君川さんはダンジョンのクリアが主目的なので、私のパーティーには美咲さんが入ると言う事で、手を打ったみたいだ。
君川さんも苦労してるよね……
さすがにチームシルバーが一緒だとコスプレPK軍団も隠れて顔を出さなかったよ。
私たち的には、面倒に巻き込まれなくて助かったのかな?
ここのダンジョンは二十層まではマップが存在してるんだけど、トラップの位置は一定じゃないものもあるらしくて六層からは結構大変だった。
ダンジョン内を鑑定しながら進行し、希にトラップ解除をしてもらう。
一般の人たちに比べると格段に安全な手段だと思うけど、魔物が襲ってきたのを殴り倒しながら進む方が、全然楽だなぁって思ったよ。

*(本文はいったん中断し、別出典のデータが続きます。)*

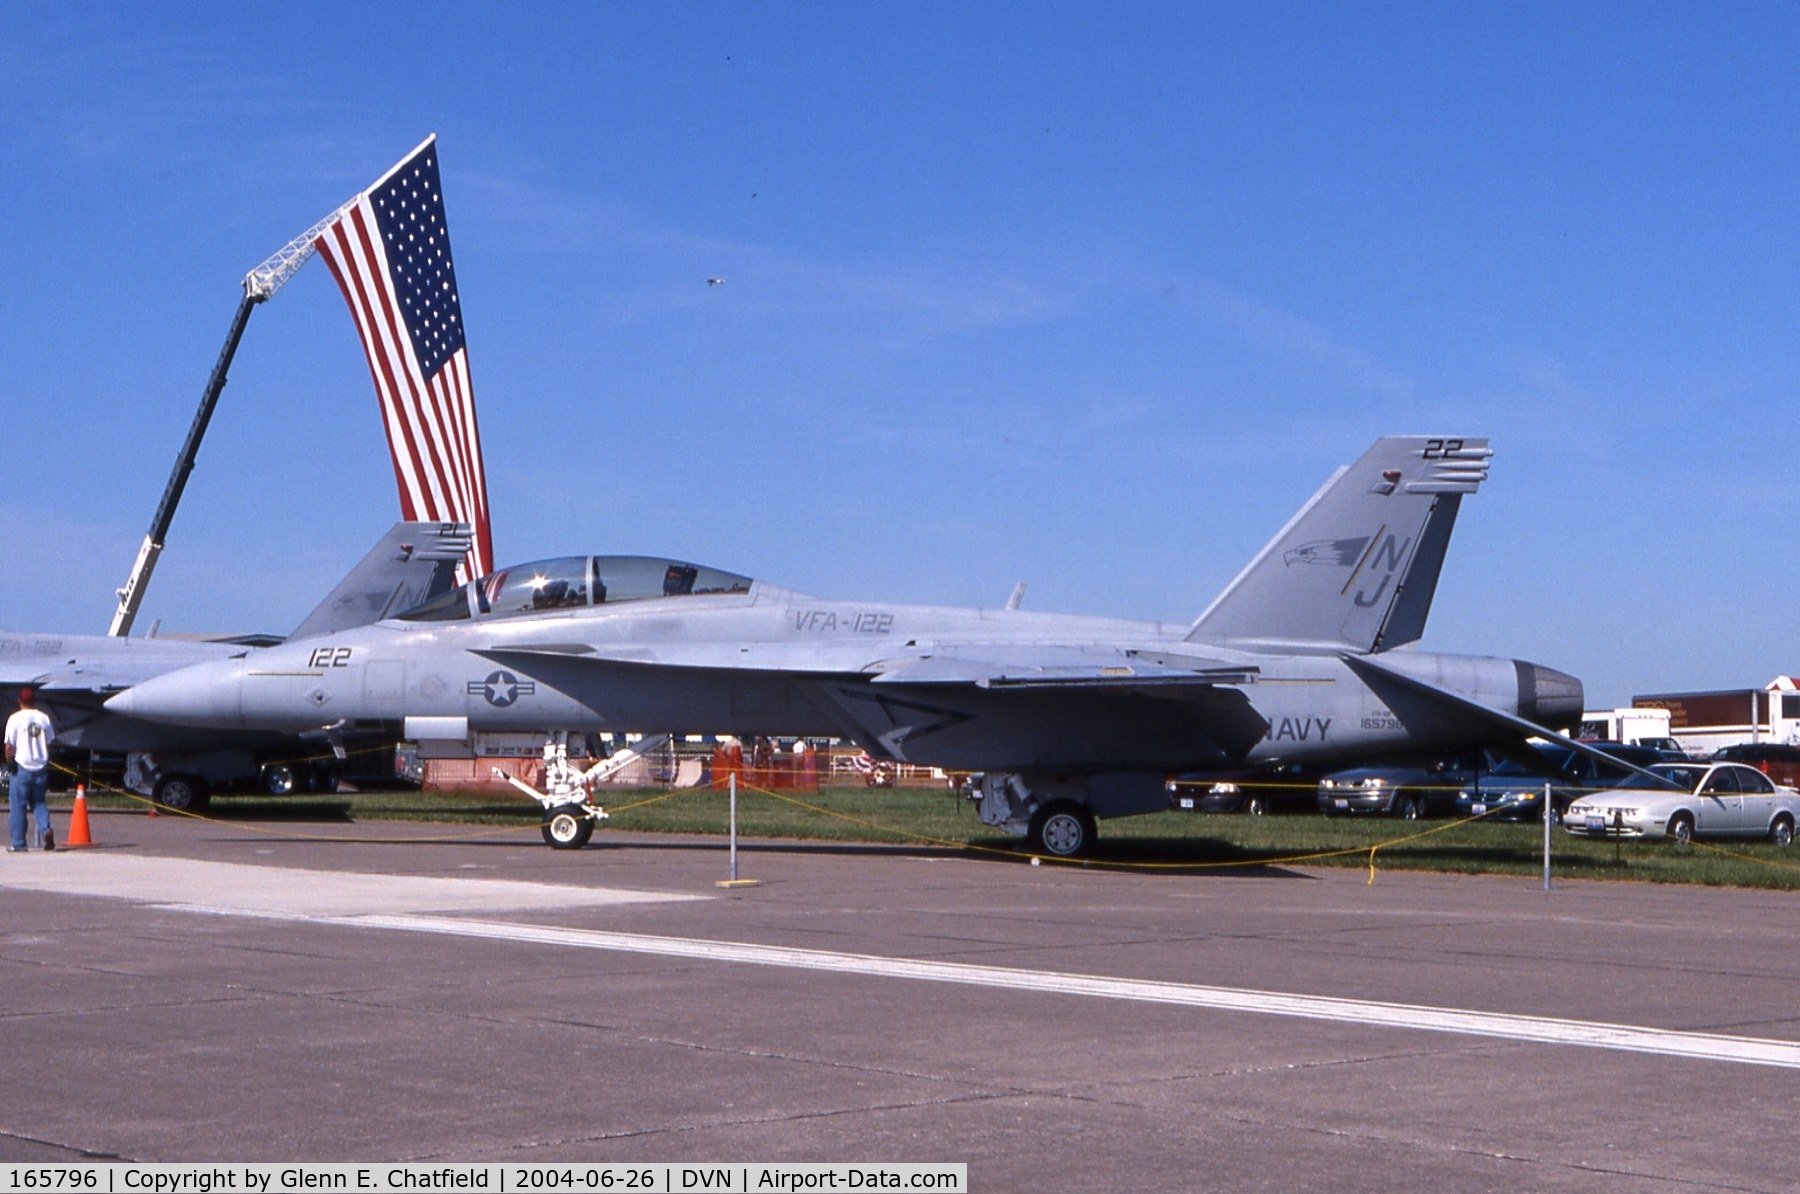 165796, Boeing F/A-18F Super Hornet C/N 1524/F022, F/A-18F at the Quad Cities Air Show

チームシルバーのメンバーはまだトラップ解除が使える人もいないらしくて、香田三尉が凄く欲しがってた。
ここをクリアした時に、このダンジョンのスキルと一緒に設定しようかな?
移設したら六十八層になるから難しいけど、今ここにいるメンバーは取得できるしね。
初日は五時間をかけて十五層まで進めた。
大きな問題もなく進めたけど、トラップを全部解除してあげながらの探索だからなんだろうね?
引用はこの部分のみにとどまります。